# Problem installing exterior light fixture



## Proby (Jul 17, 2010)

You can use this siding block: http://www.amazon.com/SIDING-MOUNTING-KIT-FLAT-Misc/dp/B000KKHUEO

The image is incorrect. This siding block is specified as flat, it doesn't have the notches on the back for the siding. You can see it here, it's the 8161: http://www.aifittings.com/k_6.htm

Personally, I would just cut in a box and be done with it. I think it would look better and cost less. it's very easy to do.


----------



## Lynch (Apr 2, 2009)

Thanks Proby. I saw one of those siding blocks when I was at Menards yesterday. Not a bad option but I think I may just cut a hole and put in a box. Not having done this before and a little apprehensive on cutting a hole into an exterior wall, do you have any tips?


----------



## Proby (Jul 17, 2010)

Well, you are going to need to use a metal box, so unfortunately you can't take advantage of the many old work plastic boxes.

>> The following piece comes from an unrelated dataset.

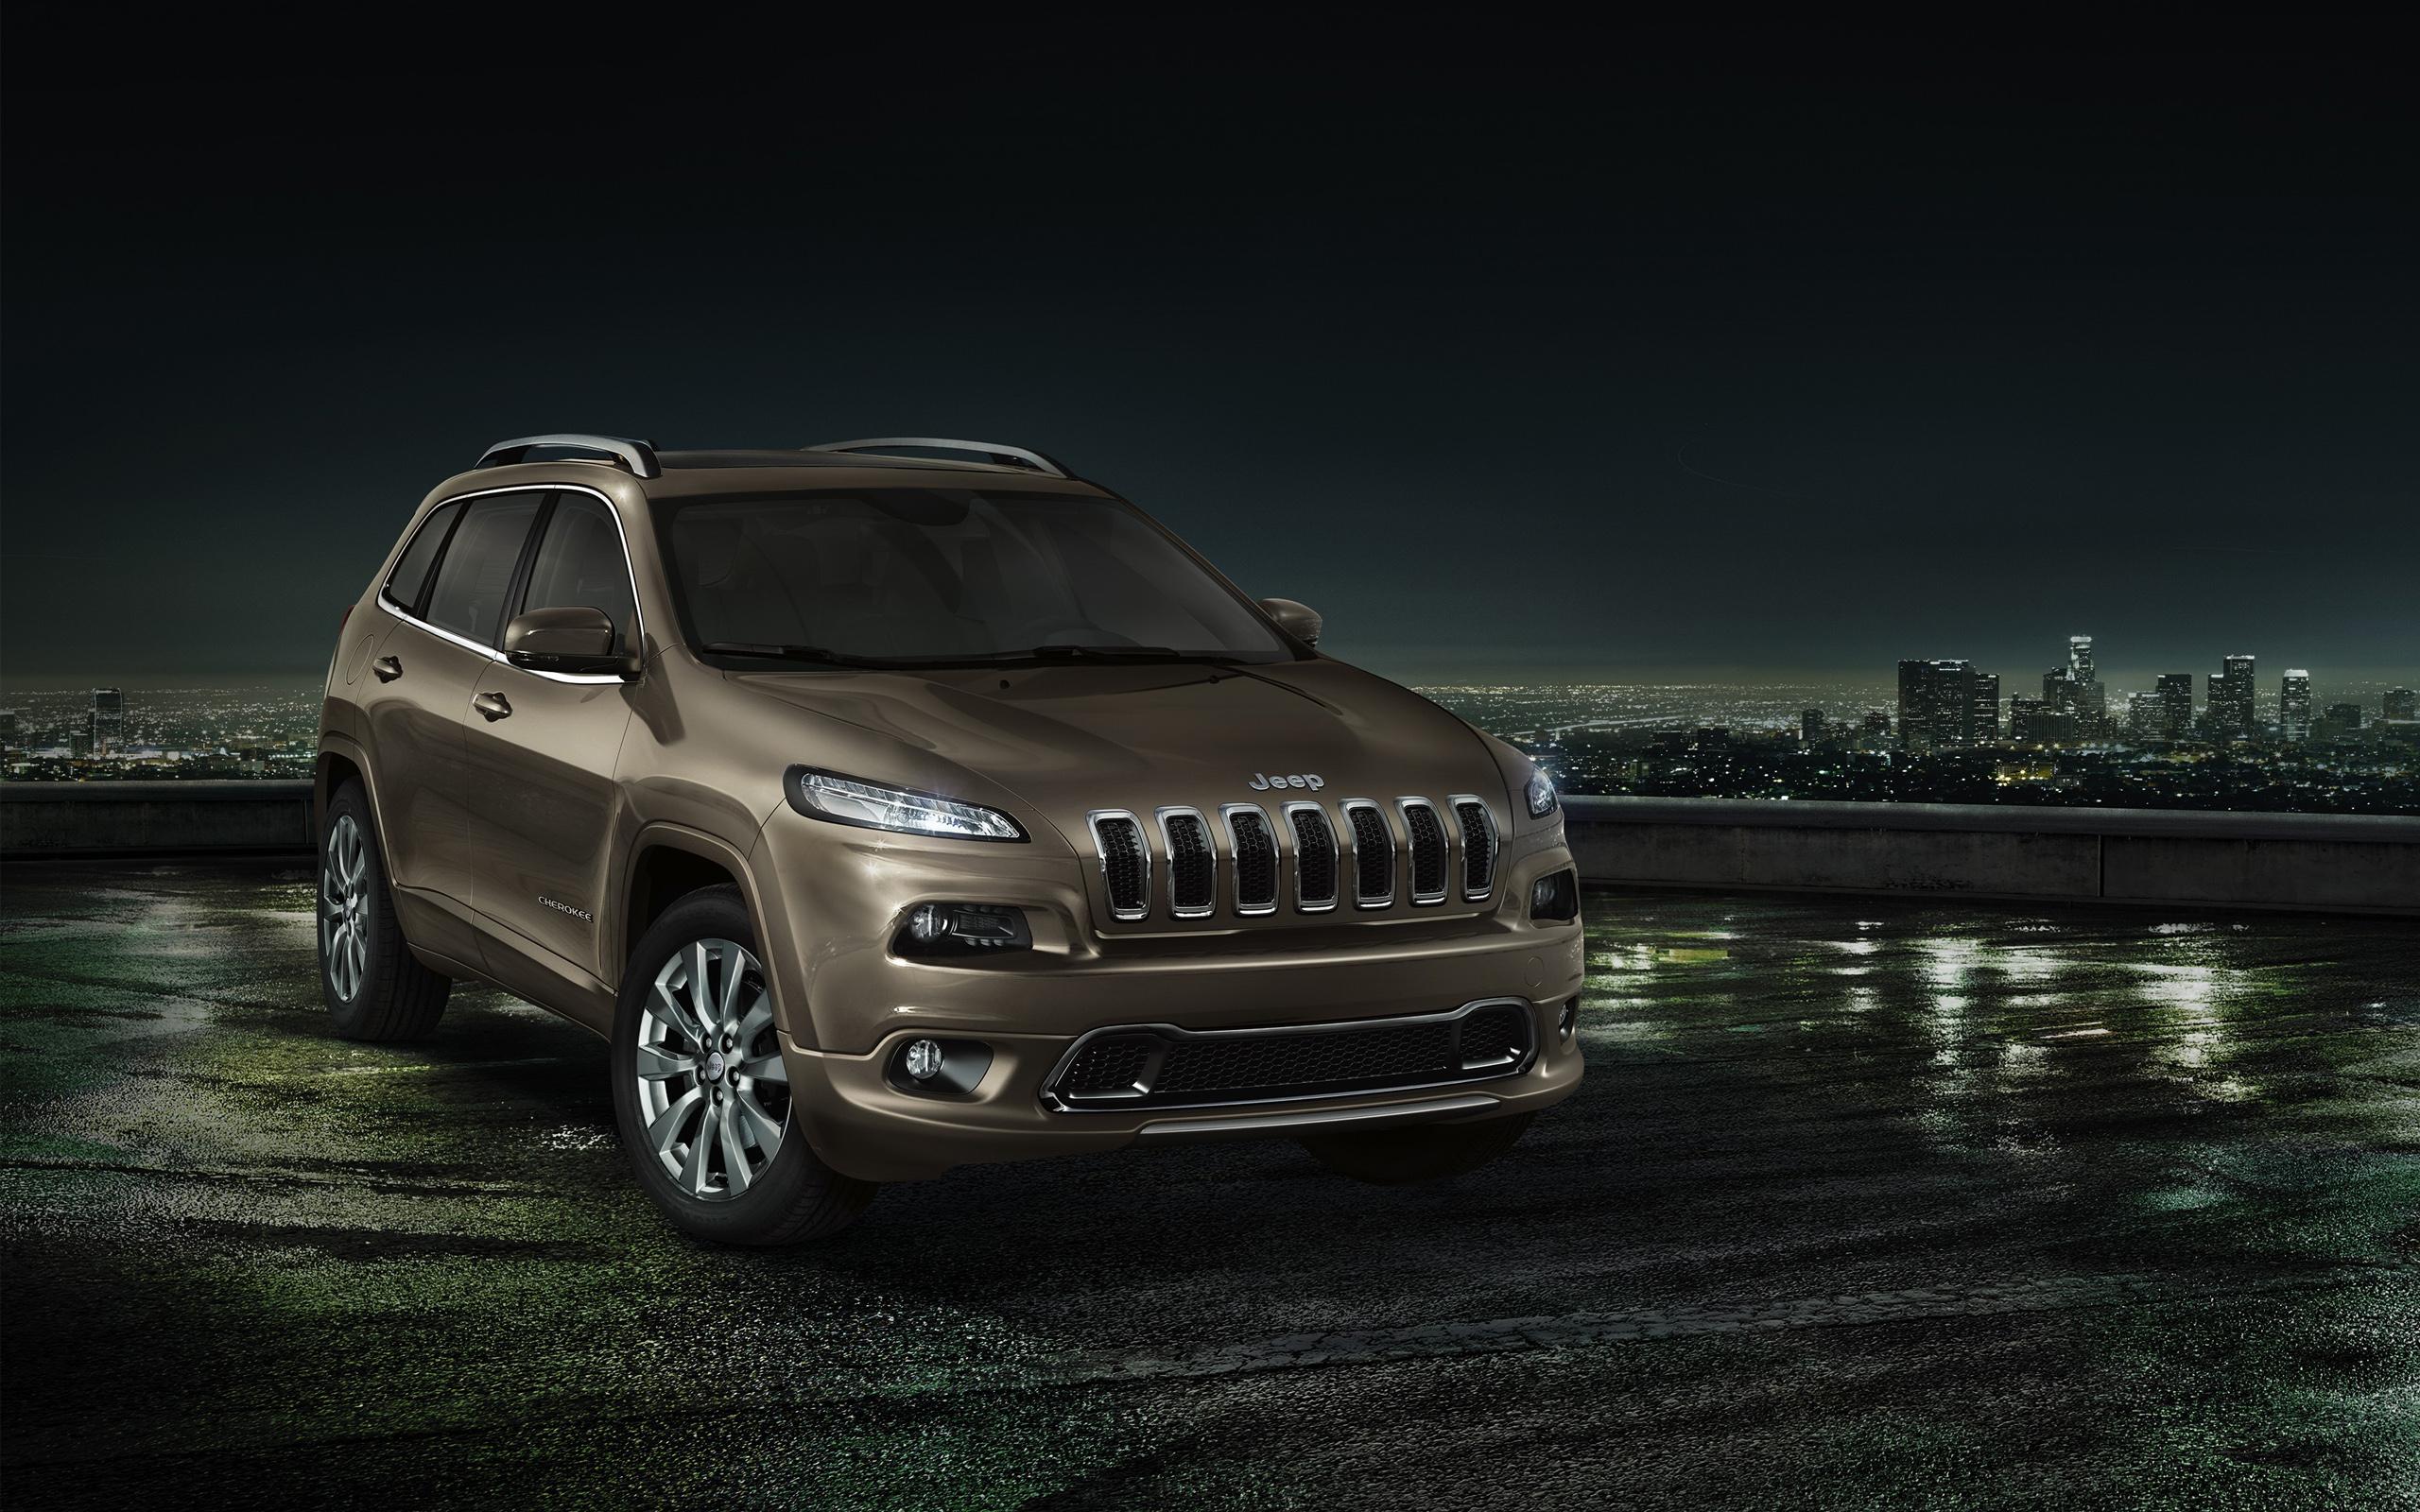 2017 Jeep Grand Cherokee Wallpaper HD Car Wallpapers

It looks like there is a hole in the center of the circle, I would stick a piece of bent wire into the hole to feel around for a stud. If there is a stud, you can just cut out the sheathing and mount a pancake box to the stud.


----------



## Jim Port (Sep 21, 2007)

Could you post a pic of the fixture? That might give someone else an idea. It seems unusual to have a 3/4" gap when the box is only 1/2" deep.


----------



## Lynch (Apr 2, 2009)

I'll post a few pics tonight to give you a better idea. The main problem as to why it sticks out so far is the mounting bracket for the new lamp that connects to the pancake box, it doesn't recess into the box so it sticks out further. The pictures I'll post later tonight will give you a better idea.


----------



## Proby (Jul 17, 2010)

Lynch said:


> I'll post a few pics tonight to give you a better idea. The main problem as to why it sticks out so far is the mounting bracket for the new lamp that connects to the pancake box, it doesn't recess into the box so it sticks out further. The pictures I'll post later tonight will give you a better idea.


If it sticks out any further than the face of the box, then the fixture will not sit flush on the wall when hung from a normal surface mounted box.


----------



## Lynch (Apr 2, 2009)

Ok, here's some more pics. 

1. The original light fixture:










2. Original pancake box with original mounting bracket:










3. Original pancake box with new mounting bracket (Front view)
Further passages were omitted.